Did he consult with Respect’s
national committee before issuing this statement? I doubt it. What does John
Rees and the SWP have to say on the subject? Is Galloway making up policy on
the hoof? Or is he the SWP’s cat’s-paw?
Davie L McKay
Glasgow
Imagine that
According to Jack Conrad in the
second part of his series on the 1926 general strike, the CPGB was founded
mainly by the British Socialist Party and the Communist Unity Groups (Weekly
Worker May 11).
But the CUGs never existed -
they only exist in the lofty heights of Conrad’s own imagination. What is true
is that a Unity Committee was established between a minority of Socialist
Labour Party members (Tom Bell, JT Murphy and Arthur McManus) and the BSP
executive. This minority was to resign its membership of the SLP soon after the
founding congress of the CPGB in 1920.
Philip Maguire
Wolverhampton
Flimsy evidence
Think what you will about the
former member of British Army Intelligence Corps who goes by the pseudonym of
‘Martin Ingram’, or indeed what motivates him. Whenever he has claimed in the
past that a Provisional republican worked for the British state as an informer,
he has produced evidence to back up his claim and has been prepared to put
himself forward to be questioned, both by journalists and the members of
various internet sites.
However, his latest claim that
senior Sinn Féin member Martin McGuinness was a Brit tout during the early
1990s is based on the most flimsy of evidence. In fact, the McGuinness name is
not mentioned anywhere in the document ‘Ingram’ produced to the media. Instead
he asks us to believe that the individual codenamed ‘J118’ is Martin
McGuinness. He offers no real explanation as to how this document came into his
possession, although one newspaper wrote that it came from a serving Police
Service of Northern Ireland special branch officer, which, if true, itself must
place a question mark over it.
Unlike previously, when ‘Ingram’
claimed correctly that Freddie Scappiticci, deputy OC of the Provisional Irish
Republican Army internal security unit, was the British agent code-named
‘Stakenife’, he does not even offer up any circumstantial evidence to back his
claim about McGuinness, beyond the fact that he served very little prison time,
which in itself means nothing at all - are we to believe that all volunteers
who were either astute or lucky enough not to be caught when on active service
accomplished this by being touts? That would place some pretty able volunteers
into that category, not least the current chief of staff and a number of other
veteran republicans from south Armagh. To put it bluntly, to make such a
supposition without further evidence is infantile.

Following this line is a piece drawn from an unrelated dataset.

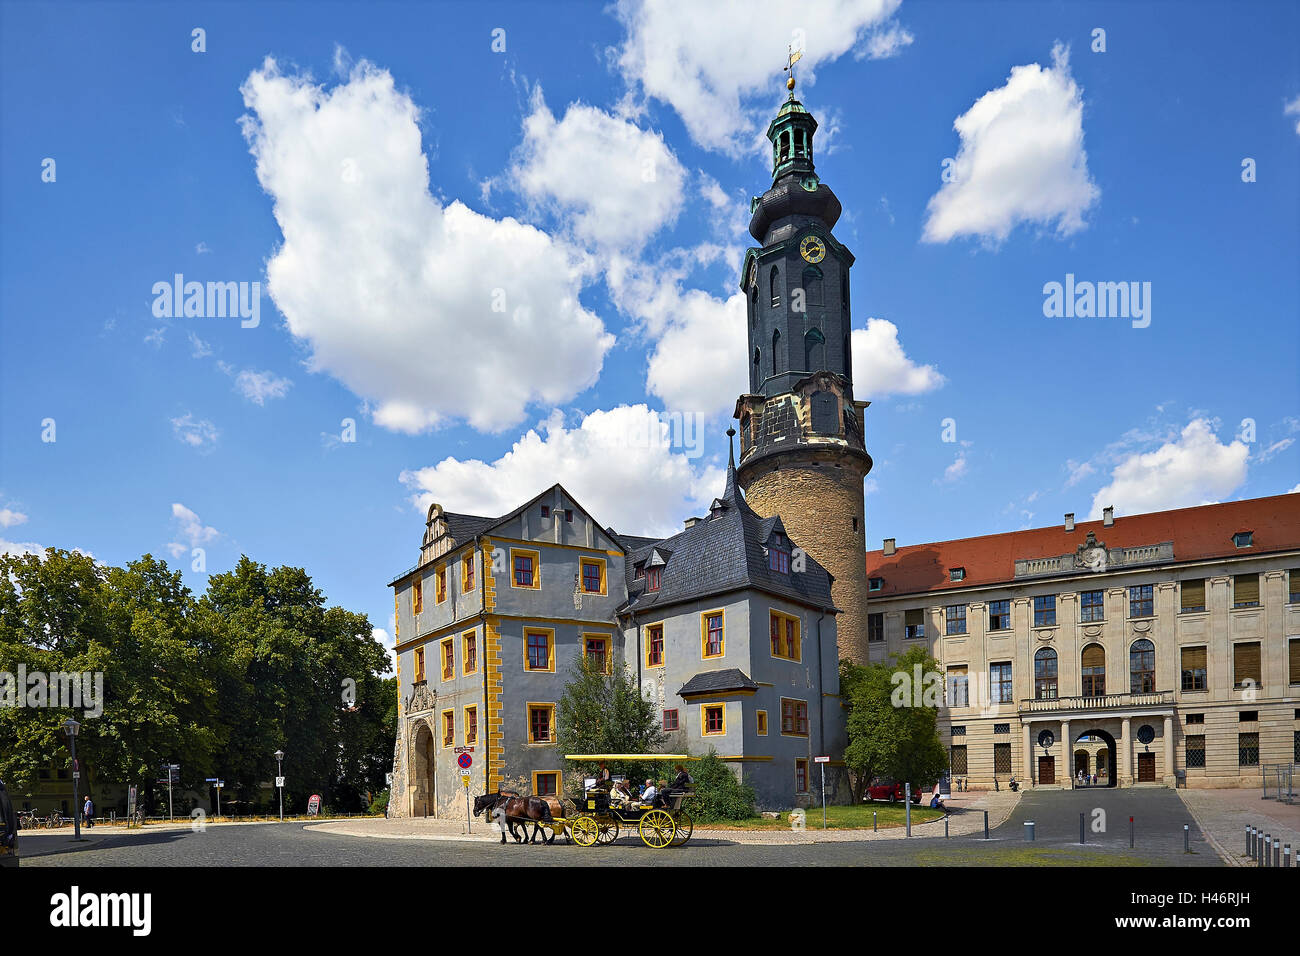 Royal Palace in Weimar, Thuringia, Germany Stock Photo
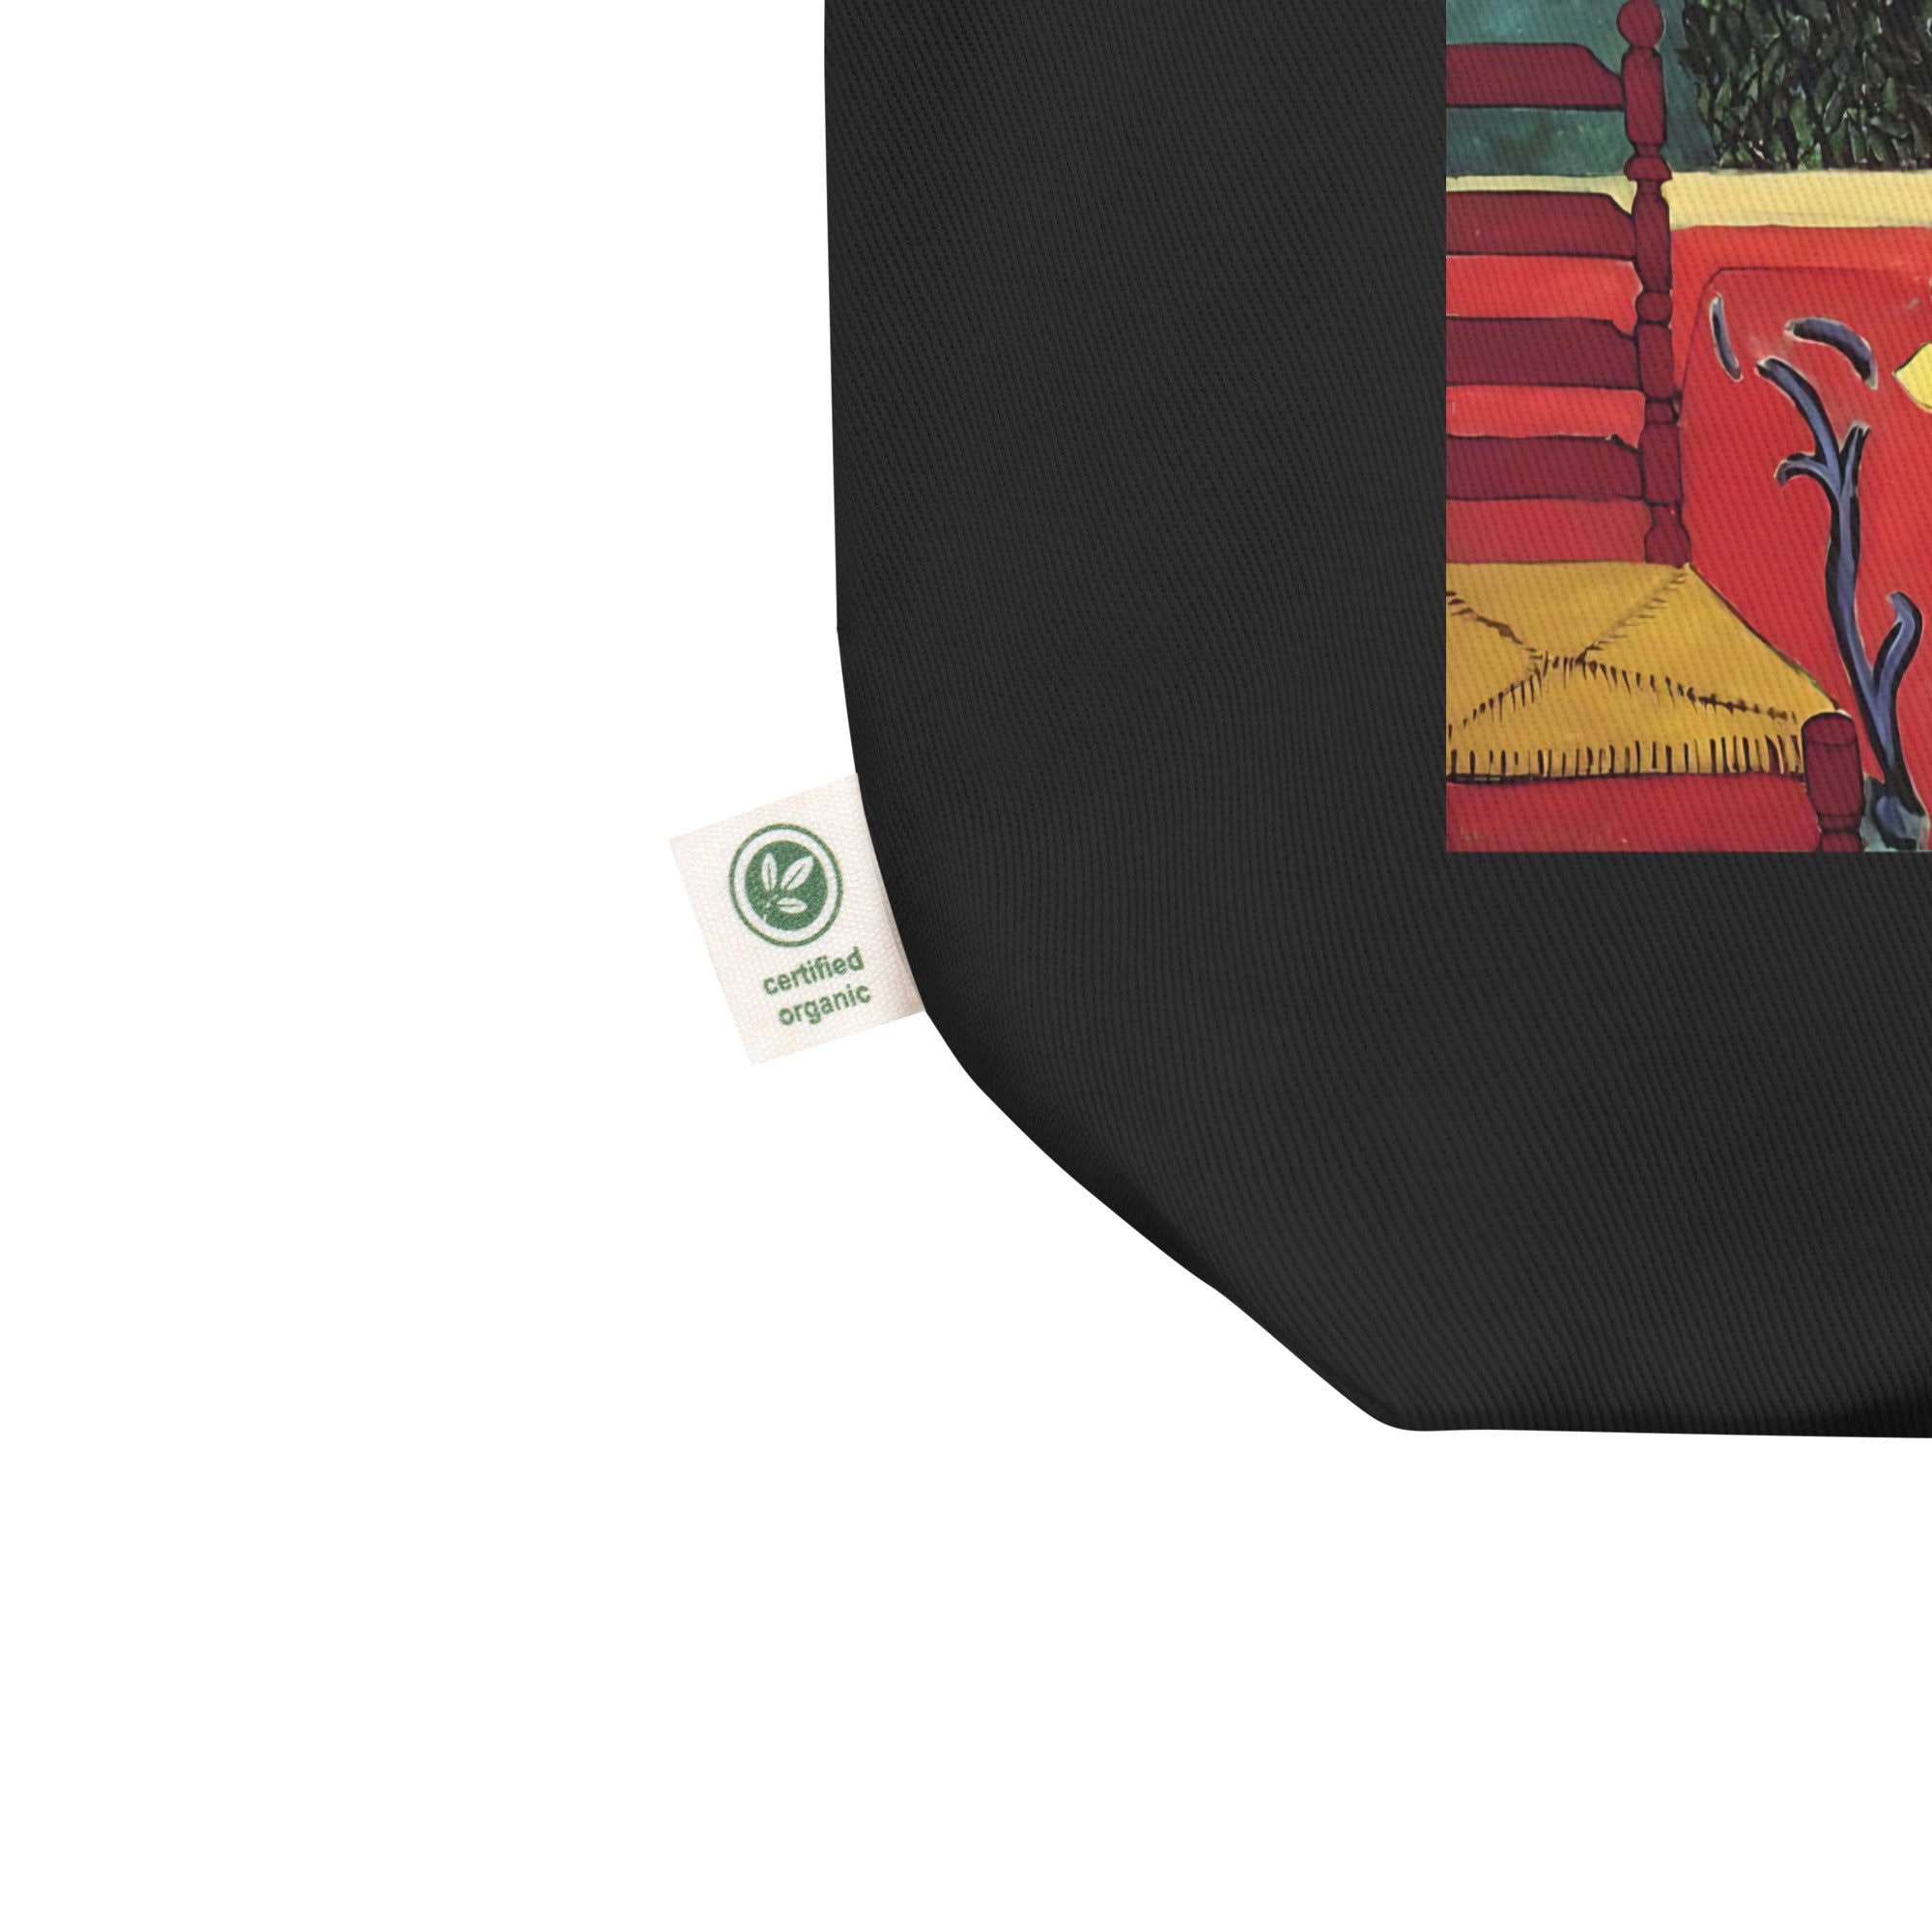 Henri Matisse 'The Red Room' Famous Painting Totebag | Eco Friendly Art Tote Bag

‘Ingram’ also fails to explain
why an agent of Martin McGuinness’s importance is known by the run-of-the-mill
ID, ‘J118’, whereas in reality he would surely, like Scappiticci, have had his
own designated codename, as any information he produced would have almost
certainly gone through channels eventually landing on the British prime
minister’s desk. Remember, the period we are talking about was the early 1990s,
when the Brits had all but decided to give their peace process strategy a roll
of the dice.
The Blanket has made
efforts to contact ‘Ingram’ to ask him these very questions and others that we
have worries about. Unfortunately he has refused to take up our current offer
by firming up a date to be interviewed (although he has been willing to be
interviewed by papers that take an anti-republican stance), implying he is
willing to meet me “some time” in the future, which, considering the topical
nature of the current brouhaha he has created, is unsatisfactory in the
extreme. Thus I have concluded it is simply not acceptable for him to make
accusations of this nature without being prepared to answer certain questions,
both about his sources and his own life.
Mick Hall
http://lark.phoblacht.net
Sceptical space
The da Vinci code may or
may not be to Jeremy Butler’s taste (‘Bum-numbing conspiracy’, June 1).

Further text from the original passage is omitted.